First, we needed to get a list of the files that git was tracking in our image directory. While you could use ls for that, I wanted to be sure that we weren’t going to list any files that git was ignoring, so we started with git ls-files, whose output will look something like this if called as git ls-files ./img:

img/foo.png
img/bar.png

(For the sake of the example, we’ll assume that foo.png is referenced in the project and bar.png isn’t.)

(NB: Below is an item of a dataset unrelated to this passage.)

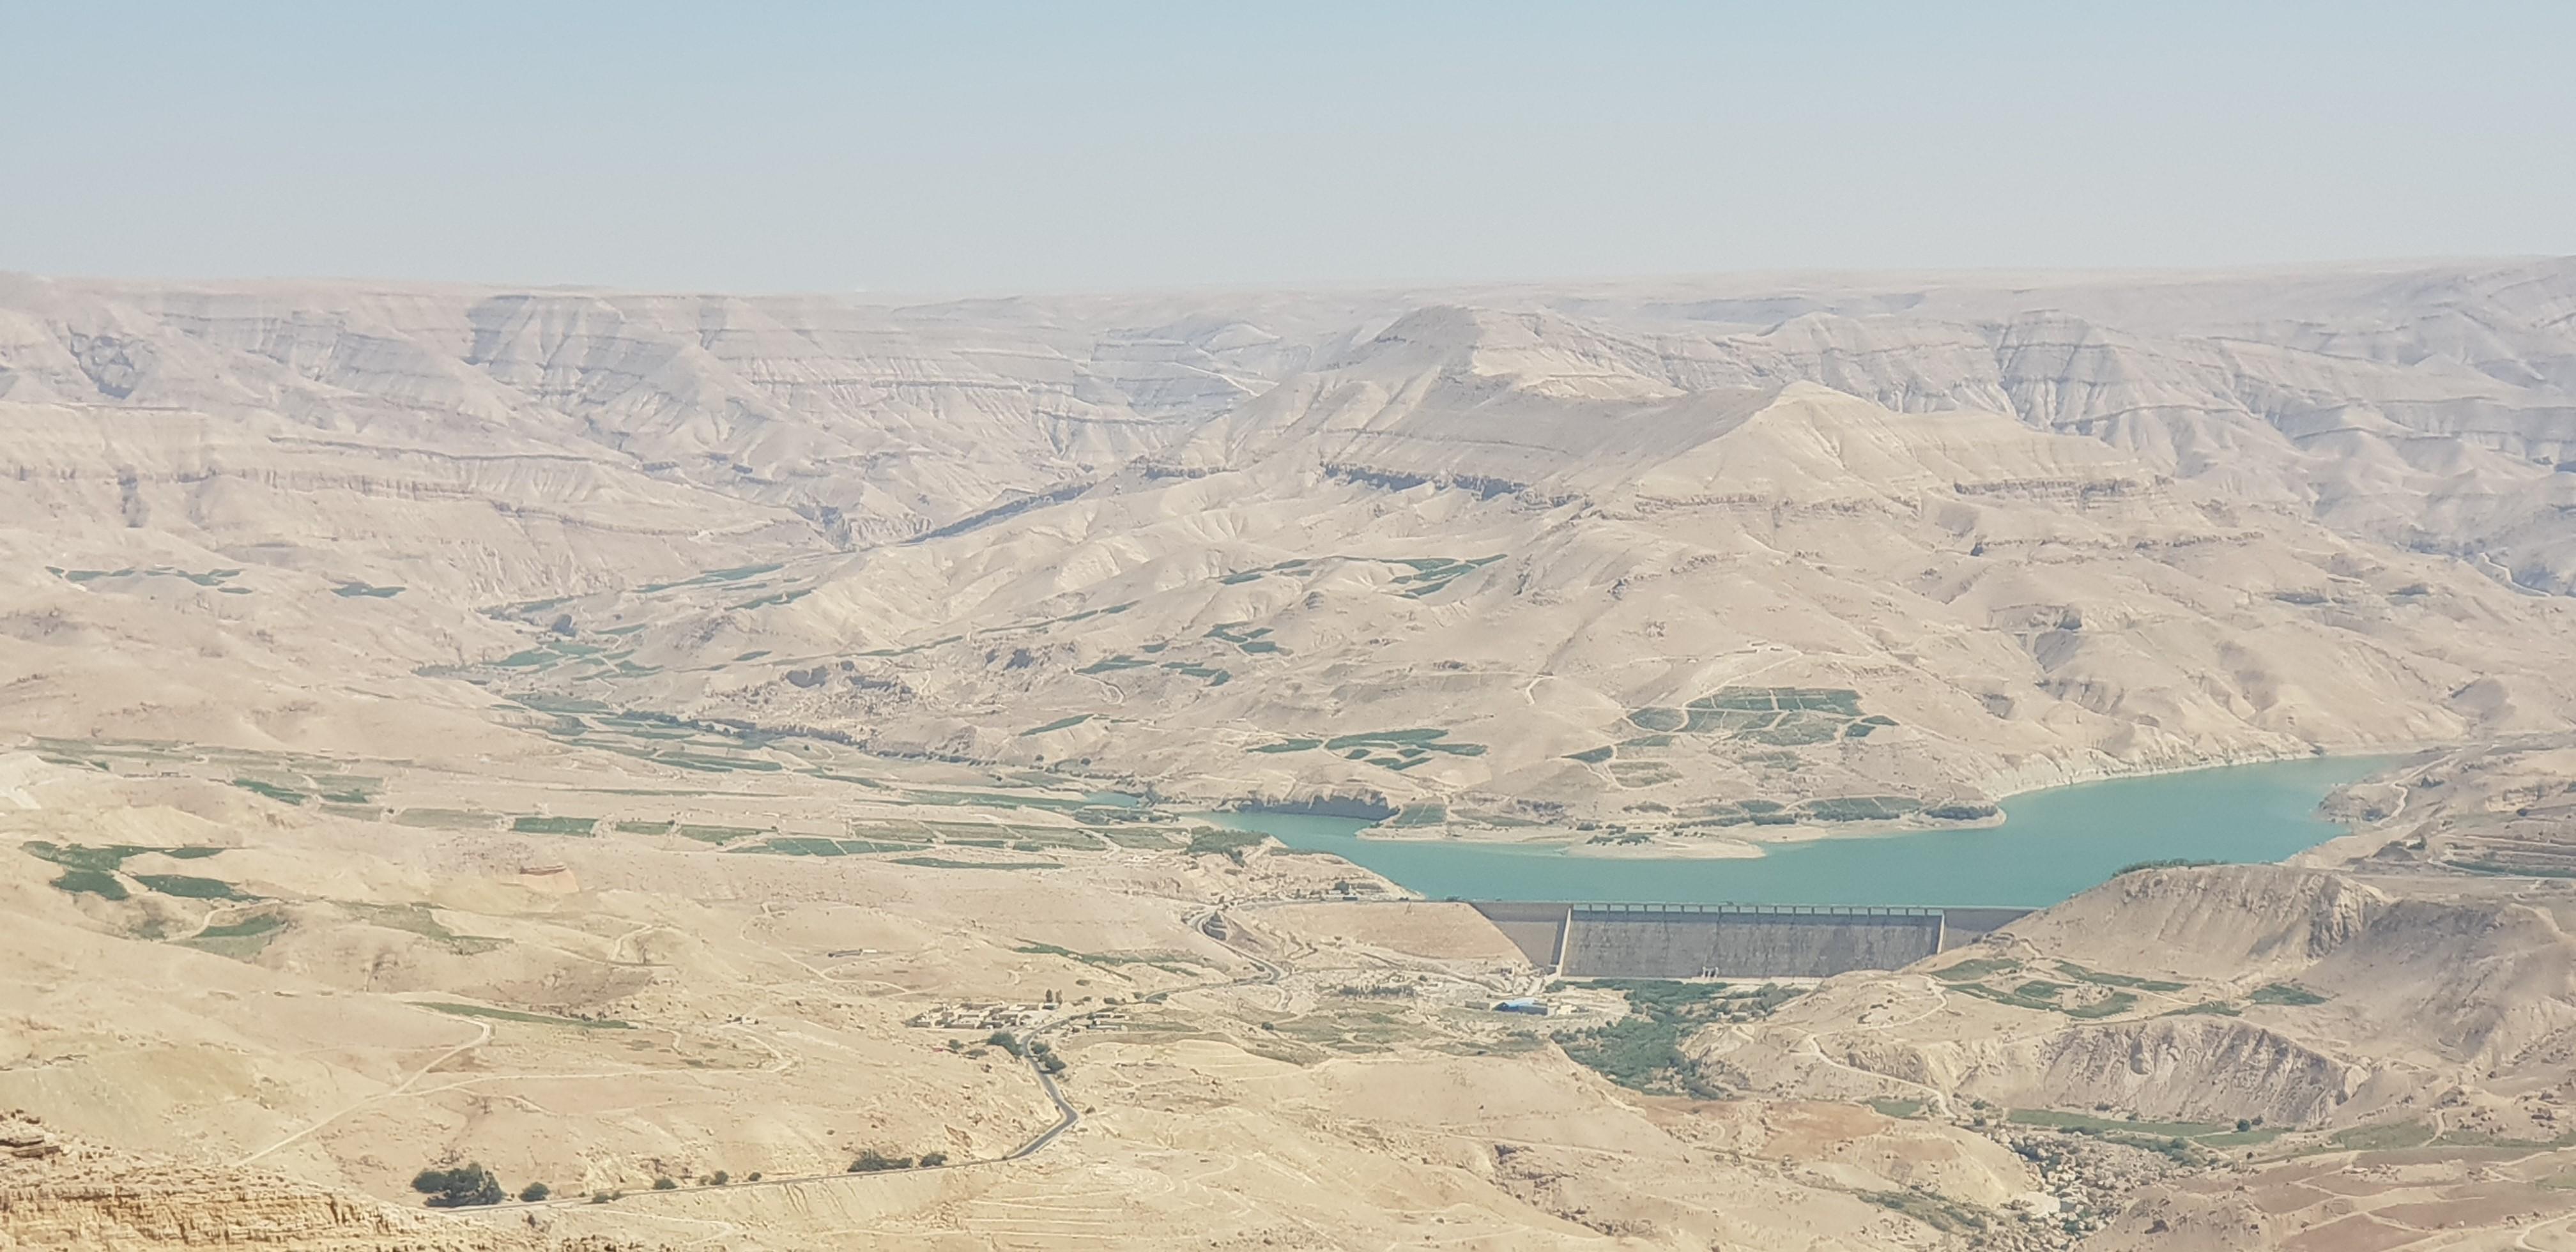 jordanie _13_.jpg

The next thing we want to do is to see if those filenames are referenced anywhere in the code. At this point, I wasn’t sure if they would be referenced by a relative or absolute path, so I knew I wanted to just search for e.g. foo.png. I like to check my work with an intermediate command, so the next command we tried out was

for FILE in $(git ls-files ./img); do
    echo $(basename "$FILE")
done

(basename gives you everything after the last slash of its input — in this case, just the raw filename.) And when we ran that command, we saw the expected output:

foo.png
bar.png

Now that we know we are correctly extracting the desired part of the path, we can check whether that filename is referenced anywhere in the code. git grep works enough like regular grep, but it only searches tracked files in the working tree (if you call it without a commit-ish), so we don’t have to worry about excluding the .git directory or .gitignored files.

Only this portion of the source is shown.